If you did that - if you worked for Allah willingly and voluntarily using a perspective on life that is big and broad and that is inclusive of all human beings and all of Allah's creation - you are a conscious and committed Muslim. You are a good Muslim, that is. You are now a proper and dutiful slave of Allah.
The name for what you do is Islam. And anyone who submits to his master, to God Almighty, willingly and voluntarily is called a Muslim - the one who submits. You now fear God in his heaven and love and serve his creation right here on earth.
That means you carry out your obligation to God in terms of praying, fasting, pilgrimage and everything else and you do your duty to God's creation in terms of serving their needs and promoting their welfare.

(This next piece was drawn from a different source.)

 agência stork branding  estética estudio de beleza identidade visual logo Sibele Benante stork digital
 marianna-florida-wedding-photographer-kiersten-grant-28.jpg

You are thus connected to God through what people call worship, while you are at the same time connected to God's creation through service - which in Islam is one of the finest forms of worship. The more clearly you see this and the more deeply you get engrossed in it, the two become increasingly one and the same.
Kufr: Refusing to Work for Allah - Knowingly, Willfully, Arrogantly
If you reject your master's call knowingly and willfully, after receiving that call, and after having had time and opportunity to consider and evaluate that call, then you are exactly what you chose and decided to be: a rejecter.
You then become, by your own choice, a rejecter of your master's will, command and authority in the conscious, willing and voluntary part of your life, even though the rest of your body continues to obey him and work for him involuntarily.
The name for such rejection of Allah's authority is Kufr. And the one who becomes a rejecter is called a Kafir - the one who rejects.
Kufr is thus knowing, willful and arrogant refusal to work for Allah in the conscious and voluntary aspects of your life. It is a deliberate rejection of Allah's authority, mandate and law in those areas of your life that are seemingly under your more direct and immediate control.
Or, at a more fundamental level, Kufr is little more than a denial of his very existence or his role in this world and your life. But regardless, it is a choice each one of us makes and must make - and must live with. These names and titles - Islam and Kufr - simply go with the choices we make.
They describe the position we have adopted in life. They indicate whether we have made a decision - a conscious and rational decision - to work for Allah or not to work for him, but rather to work for someone else. For, work for someone we must, that being the nature of human life.
As a result, when we decide not to work for Allah, we in effect make a decision to work for others, even if it is just for ourselves. So, for us as human beings the question is never whether or not to have a master - and whether or not to work for someone - but rather which among the many competing masters must we choose and for which one of tem must we work.
Muslims are simply those people who, ostensibly, have chosen God as their master and have made a conscious and rational commitment to work for him as his slaves, while other people have chosen to work for other masters besides God.